Attığın her adımda, o yaptığını niye yapmakta olduğunu düşünmek ve sonuçlarının sana neler getirebileceğini de hesaba katmak zorundasın... Ki, sürekli düşünme melekesi gelişsin...
Aklına estiği gibi, gözlüğünü çıkartıp bir yere bırakıyorsan... Sonra da nerede diye arıyorsan; sonra üstüne oturup kırıyorsan...
Bu, senin tamamıyla güdülerinle yaşadığını; düşünme melekenin gelişmediğini gösterir...
Daha gözlüğü gözünden çıkartırken düşünmeye başlıyorsan, bunu çıkartıp şuraya koyayım... Sonra da şuradan alayım diye... Bu sendeki düşünme melekesinin harekete geçtiğini gösterir; en ilkel hâliyle!..
Yani, bir fiil ortaya çıkmadan evvel, nedenlerini ve sonuçlarının neler olabileceğini düşünemiyorsa birim; o henüz ilkel güdüleriyle yaşamını sürdürüyor, demektir…
Bu da taklitten çıkmak için hayli zor bir pozisyondur!
Bir şeyi, kendinle ilgili yapıyorsun, ama, o şey acaba senin yakın çevreni, arkadaşlarını, anneni-babanı, kardeşlerini veya içinde yaşadığın toplumu nasıl etkiliyor; bunu o işi yapmadan önce düşünemiyorsan; bu senin henüz düşünen insan noktasına ulaşmadığını gösterir!..
Öyle ise “ezberci ve taklitçi yaşam”dan, “her an düşünerek yaşam” boyutuna sıçrama yapmak zorundayız...
Ya da bulunduğumuz düzeyde hâlimizden memnun, devam edip gideceğiz...
Şimdi, “Ölmeyecekmiş gibi dünyaya; yarın ölecekmiş gibi âhirete çalış” sözünü nasıl anlıyoruz acaba?..
Herkese soruyorum… Ve herkesten tek tek cevap bekliyorum..?
Cevaplar
− Her şeyin hakkını vererek...
− Bu boyutun hakkını vererek yaşa, öbür boyutun hakkını almak için ibadet et.
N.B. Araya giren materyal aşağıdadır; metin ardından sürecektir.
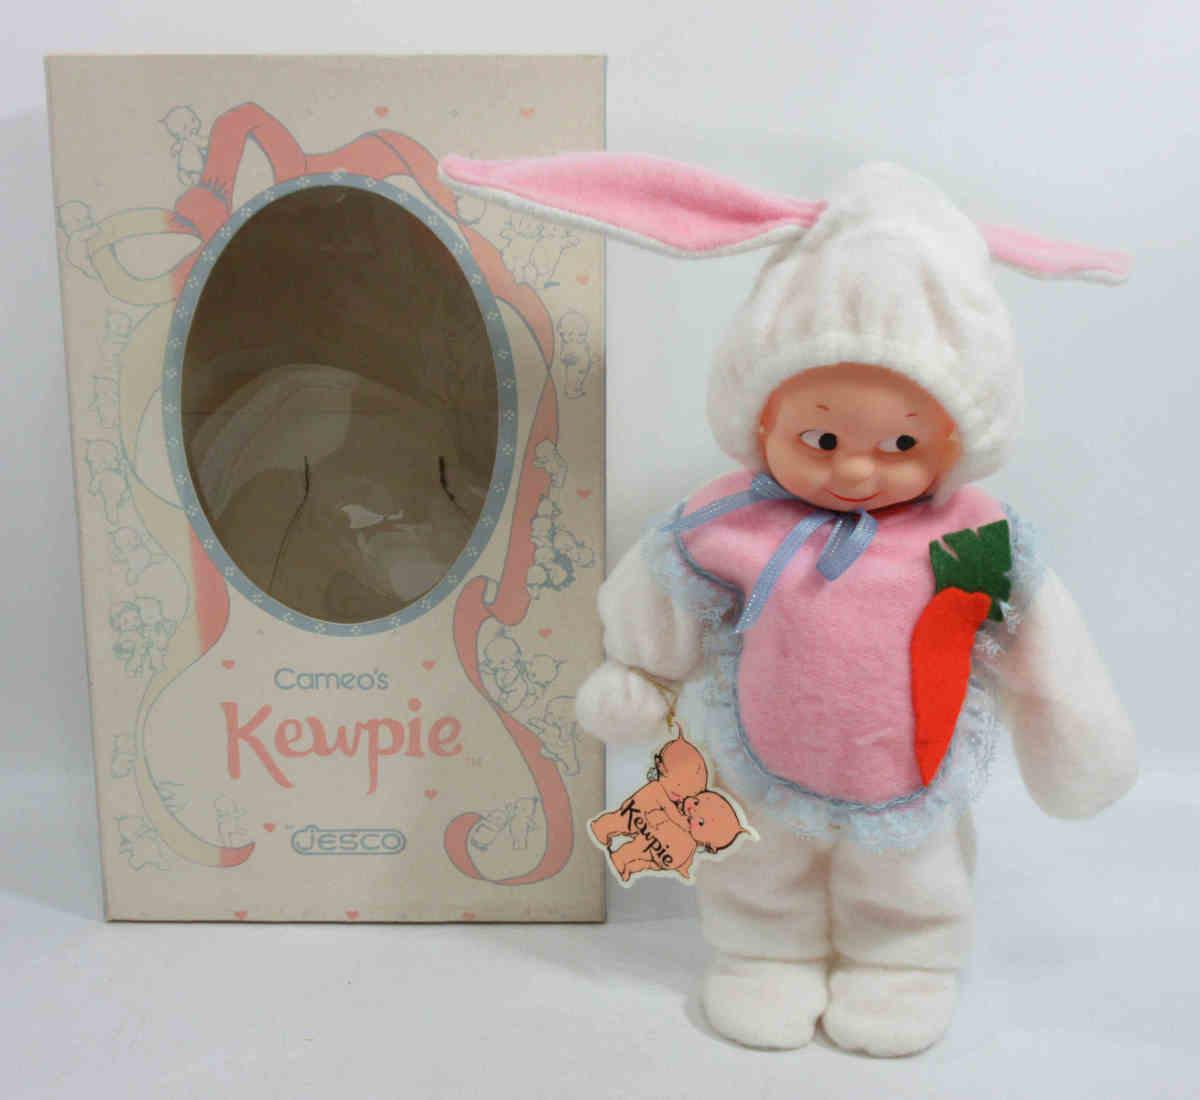 ★JESCO社 KEWPIE キューピー 28cm うさぎさん 元箱付 カメオ 5ジョイント ドール 人形 j81

− İlgilenilen şeye bütün dikkatiyle yönelerek bir insanın o şeyin tam olarak hakkını vermeye çalışması olarak anlıyoruz.
− Dünyaya çalışıyormuş gibi görünse de aslında yaptıklarımızın sonucunun neleri etkilediğini fark edebilmek.
− Dünya için çalışmaktan anladığım, her anını değerlendirerek âhiret yaşantısına hazırlanmak.
− Tanrı yokmuş gibi düşün! Varmış gibi yaşa!.. anlamında olarak algılıyorum...
− Bedensel boyutun ve düşünsel boyutun hakkını vererek yaşamak...
− Ölüm ötesi yaşama geçmek, “ölmek” demek olmadığına göre; devamlı surette Dünya’da yaşarken, âhiretimiz için bilincimizi arıtma yolunda çalışmamız gerektiğini ve yaşadığımız bu boyutun da hakkını vermek gerektiğini düşünüyorum...
− İçinde yaşamış olduğun boyutun hakkını, kendinin sistem içindeki yerini anlamaya çalışarak vermek.
− Dünyasını terk eden Dünya’da rezil, âhiretini terk eden âhirette rezil olmaya mahkûmdur.
− Her iki yaşamın da hak olduğunu bilerek çalış...
− Dünya işlerini boşverirsek âhirete de gerektiği gibi hazırlanamayız. Bu yüzden Dünya’ya çalışmalıyız ama bunun dışında yaşadığımız “Sistem”i çok iyi kavramalıyız.